# Task objective
Leaving the pictures aside, restate all of the data exactly.

# Collected material
[Start of Attachment]

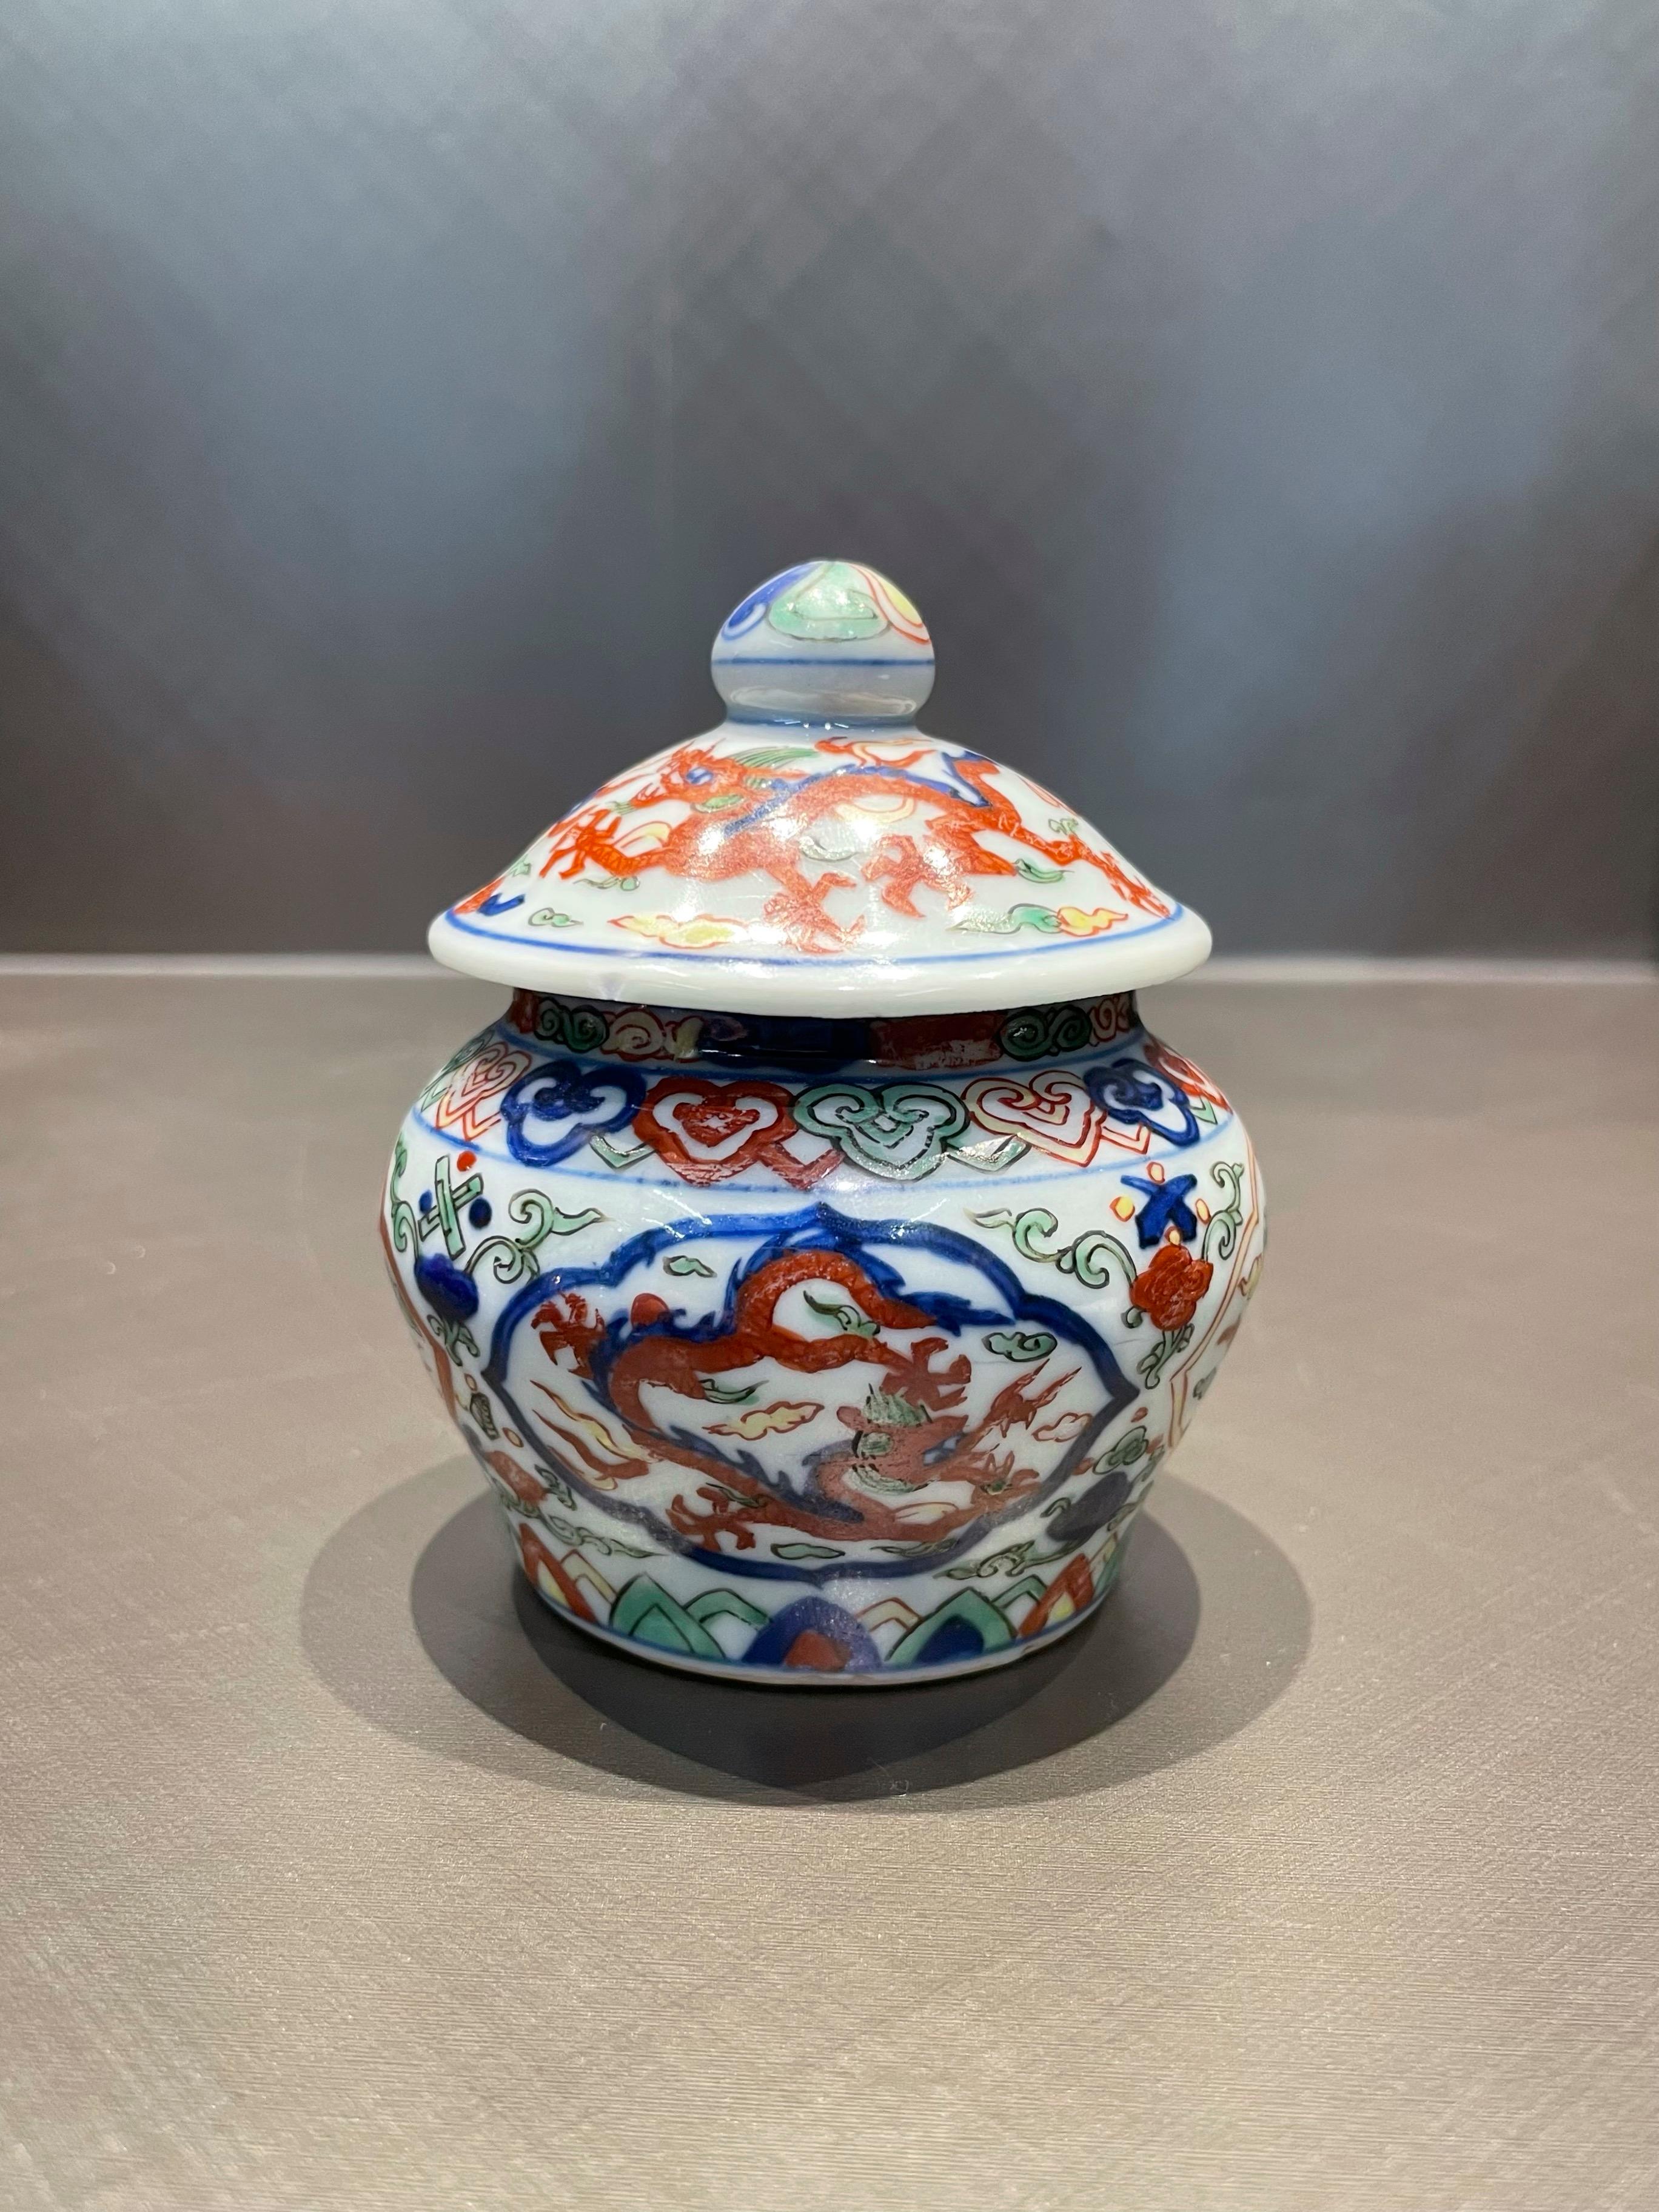 Petite jarre avec couvercle réalisée dans la peinture à la main en cinq couleurs couramment utilisée dans la période Wanli de la dynastie Ming.

On suppose qu'il a été utilisé pour conserver les feuilles de thé.

La peinture utilise la technique

[End of Attachment]

# Output
 Petite jarre avec couvercle réalisée dans la peinture à la main en cinq couleurs couramment utilisée dans la période Wanli de la dynastie Ming.

On suppose qu'il a été utilisé pour conserver les feuilles de thé.

La peinture utilise la technique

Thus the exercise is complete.